Our commitments and allegiances involve much investment to which it is wise to be sure our investments are secure. A secure foundation has been proven at this point in the process as the new assumption has been received, responded to with questioning and testing, and then given a trial run through valuing. In the Affective Taxonomy’s next stage of organizing, the assumption is given a long-term commitment. A foster child may step out of the safety of their self-centered world to invest love and commitment to others. They may feel safe forming attachments to caregivers and others tested and proven stable and reliable. They may conform to being part of a family or a community and begin to seek the good of the whole rather than just what is good for them. Giving love and investing emotion is the greatest currency of commitment a foster child has to offer. Through this process, the child reverses their original assumption that all adults cannot be trusted. Their new assumption is that some adults can be trusted and relied on. This stage in Krathwohl’s process is called characterizing. Their identity in the world changes to incorporate the belief. They assume the identity of family member, neighbor, and global citizen rather than solo entity.

Taking much more than the 21 days to form or break a habit, a worldview takes an extreme growing process. Krathwohl outlined this process in this Affective Taxonomy as receiving, responding, valuing, organizing and characterizing. This process starts by affecting an individual’s assumptions, then their values, followed lastly by their commitments. As shown with our scenario of the foster child, not all assumptions, values, and commitments are healthy. Worldviews should be questioned and put to test when possible to be sure they are worthy of belief and commitment.

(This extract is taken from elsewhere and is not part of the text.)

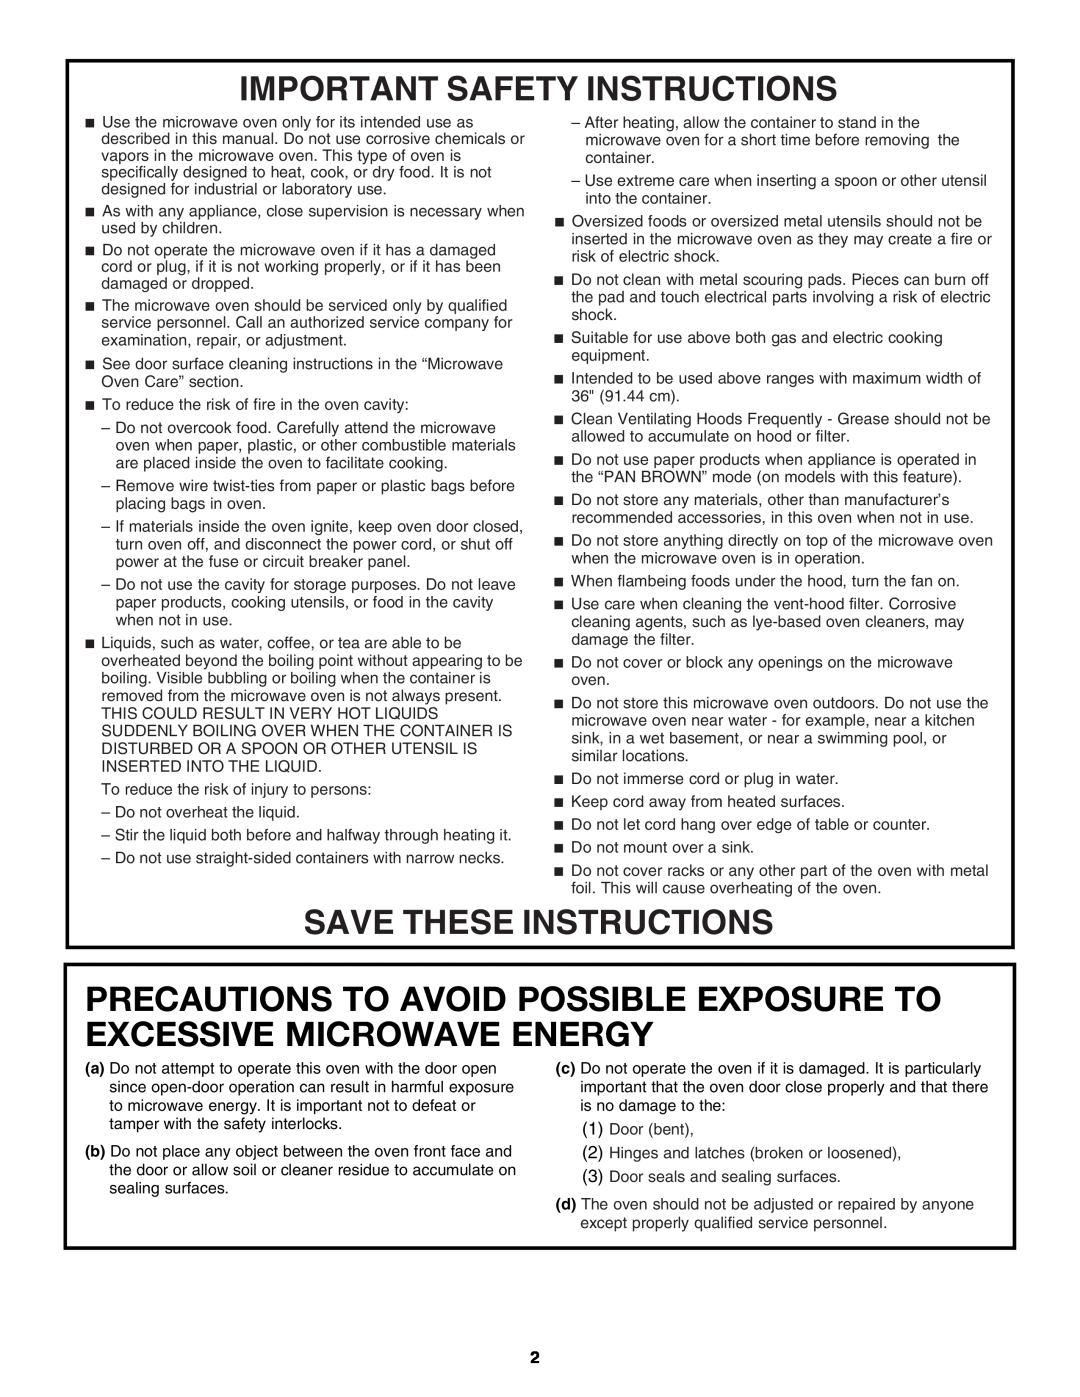 Estate W10131995A Precautions To Avoid Possible Exposure To Excessive Microwave Energy, Important Safety Instructions

Unhealthy worldviews can damage not only one’s self, but also their environment, and the worldviews of others around them. No one person should assume that their set of assumptions is exempt from falsity. We should never be closed minded to the idea that we may be wrong in our views. Not everything we know, hear, read or see will be truth. It is a lifelong process to test our assumptions, and as a result, our worldviews are ever changing and always taking new shape. It is our responsibility to strive to turn assumptions into facts by way of seeking Truth.

3 Comments:

Blogger Lisa said...

I tried to leave a comment earlier, but experienced some difficulties with the server.

As a former foster child and current child advocate, I would say that for adopted children, yes, reassurance can be offered.

However, if the child is still in foster care, that placement is temporary and tenuous. This causes them to focus on self in order to survive.

Foster children can and often do bond with the families that they are placed with - however, you must realize that these bonds can be broken quite easily.

So, before questioning their worldview, please examine their situation. False hope is, by nature, false. Their suspicions might be correct.

1:30 PM  
Anonymous John said...

Hi Liz,
I like what you said about Krawthol's affective taxonomy. I am a Professor of Education and would like to use what you said as an example of application of the taxonomy for my students.

12:31 AM  
Blogger Liz said...

Sure John. I'm honored. Go right ahead.